BACKGROUND: Cognitive impairment is a frequent consequence of stroke and can impact on a person's ability to perform everyday activities. Occupational therapists use a range of interventions when working with people who have cognitive impairment poststroke. This is an update of a Cochrane Review published in 2010.
OBJECTIVES: To assess the impact of occupational therapy on activities of daily living (ADL), both basic and instrumental, global cognitive function, and specific cognitive abilities in people who have cognitive impairment following a stroke.
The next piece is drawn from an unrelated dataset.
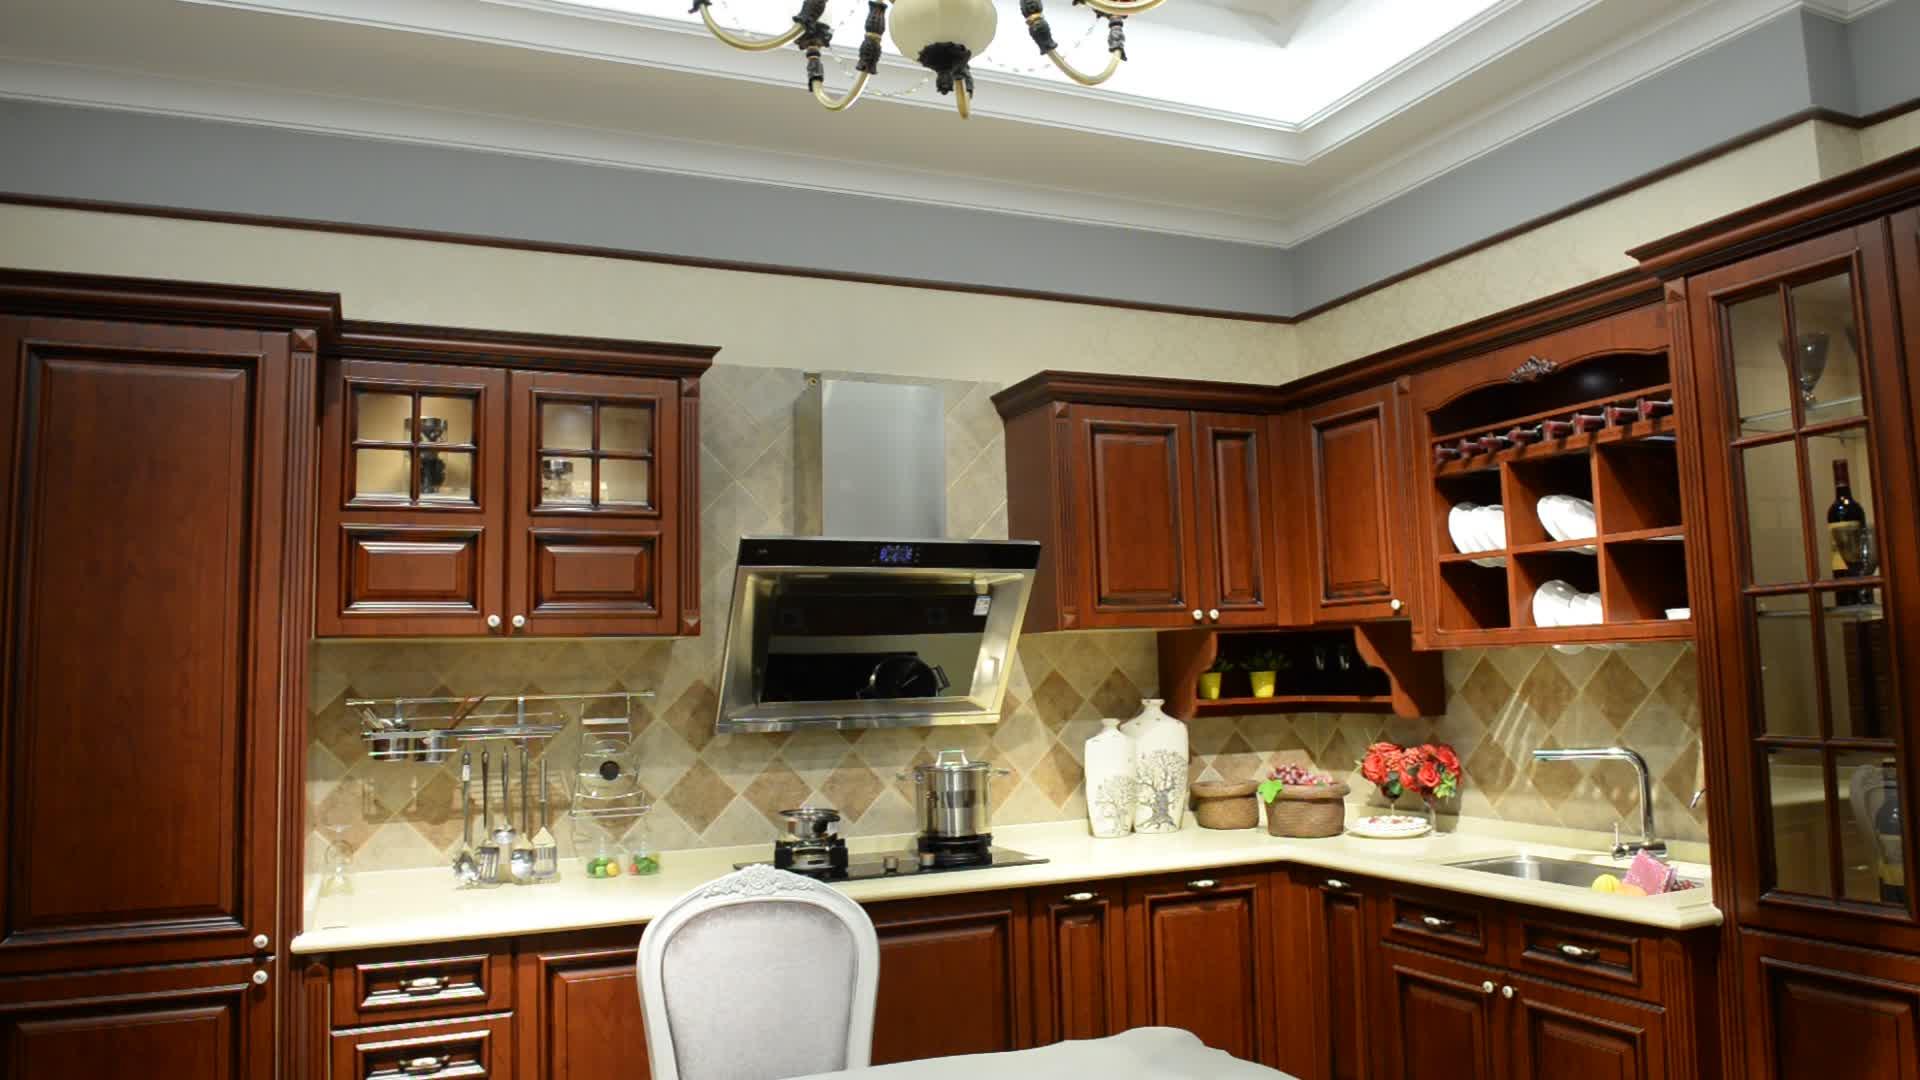 American Kitchen Wall Hanging Solid Wood Complete Veneer ...

SEARCH METHODS: We searched the Cochrane Stroke Group Trials Register, CENTRAL, MEDLINE, Embase, four other databases (all last searched September 2020), trial registries, and reference lists.
SELECTION CRITERIA: We included randomised and quasi-randomised controlled trials that evaluated an intervention for adults with clinically defined stroke and confirmed cognitive impairment. The intervention needed either to be provided by an occupational therapist or considered within the scope of occupational therapy practice as defined in the review. We excluded studies focusing on apraxia or perceptual impairments or virtual reality interventions as these are covered by other Cochrane Reviews. The primary outcome was basic activities of daily living (BADL) such as dressing, feeding, and bathing. Secondary outcomes were instrumental ADL (IADL) (e.g. shopping and meal preparation), community integration and participation, global cognitive function and specific cognitive abilities (including attention, memory, executive function, or a combination of these), and subdomains of these abilities. We included both observed and self-reported outcome measures.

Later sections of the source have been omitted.